Security removed homeless man from Nest weeks before AMS created new expulsion policy

When the AMS passed its policy on expulsion from its property, they faced criticisms of hypocrisy and anti-homeless sentiments from students, faculty and former AMS employees. Many weren’t sure why it was needed in the first place.

Now, a UBC Pride Collective volunteer said she believes the policy was created at least in part because of a homeless man who had been removed from the Nest multiple times for sleeping there.

Emily Lim said she interacted with the man, who said he was a student, when she was in the Nest “all day, every day” for Pride Week, which ran from January 15 to 19, 2018. The policy was sent out on the AMS Council mailing list February 2, and passed February 7.

Lim said UBC Campus Security, which has patrolled the Nest since the AMS cut their security service in 2016, told her they had removed the man before, and they had the situation under control.

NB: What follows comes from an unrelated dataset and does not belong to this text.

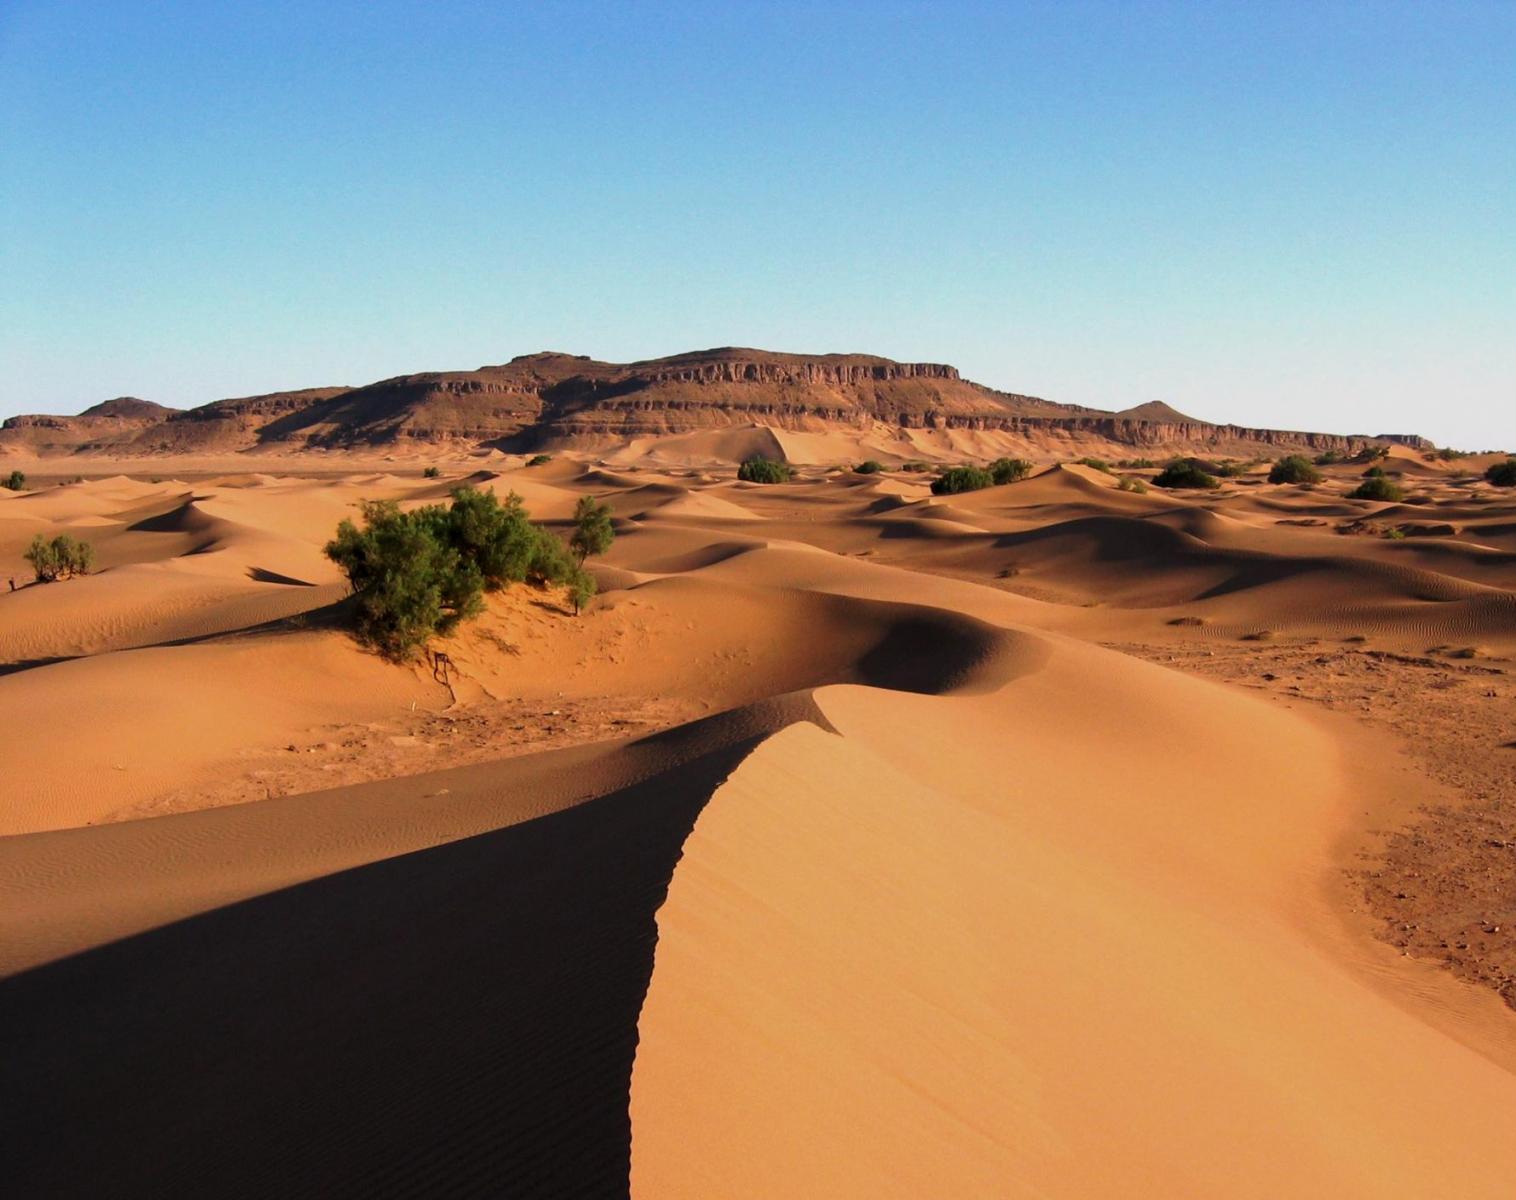 Maroc  Oued Drâa, la rivière sans fin   Trek & Randonnée

But Lim said she wasn’t worried.

“He seemed really nice,” she said, adding that he helped make decorations for the Pride Week dance on January 19. “He’d seen us going up and down with a bunch of boxes and he was like, ‘Do you guys want help?’”

Lim said the man asked her about the UBC Free Store and the Student Legal Fund Society, which advocates for students in legal matters.

Campus Security confirmed they had removed a homeless person who was sleeping in the VanCity ATM in the Nest on January 19 — the date of the PRIDEweek dance and two weeks before the expulsion policy was sent out to AMS councillors.

VP Administration Pooja Bhatti denied that the new policy had anything to do with the homeless man.

“The incident that took place with the homeless individual was handled in accordance with the 2012 AMS Policy on Expulsion From The Student Union Building,” she said in a statement. “The updated policy, which was only approved by council on February 7, was drafted independent of this situation.”

Bhatti said at the February 14 AMS Council meeting that the Operations Committee was reviewing the policy as they had “just noticed a few things.”

The policy copies a good deal of language from a 2006 AMS expulsion policy. Like the current one, the 2006 document bans not wearing footwear, staying overnight in AMS buildings, or collecting food scraps from garbage bins. The difference is that the original document cites nonspecific BC Ministry of Health regulations as to why those policies exist — the current policy does not give any specific reason.

AMS President Alan Ehrenholz stated the policy was drafted to “the extent necessary to protect AMS members and nonmembers and ensure peaceful and safe enjoyment of our facilities.”

Lim said she felt “disgusted” when she read the policy. She said she was disappointed that the AMS’s response was “to try and have grounds to expel [homeless students]” instead of helping them.

“I’ve washed my face in the Nest before when it was finals and I’ve been here for like 20 hours studying. A lot of the things on that list, if you’re not looking at them as homeless [issues], those are stress coping mechanisms,” she said. “I wish there was a more supportive response ... more compassionate, and less elitist.”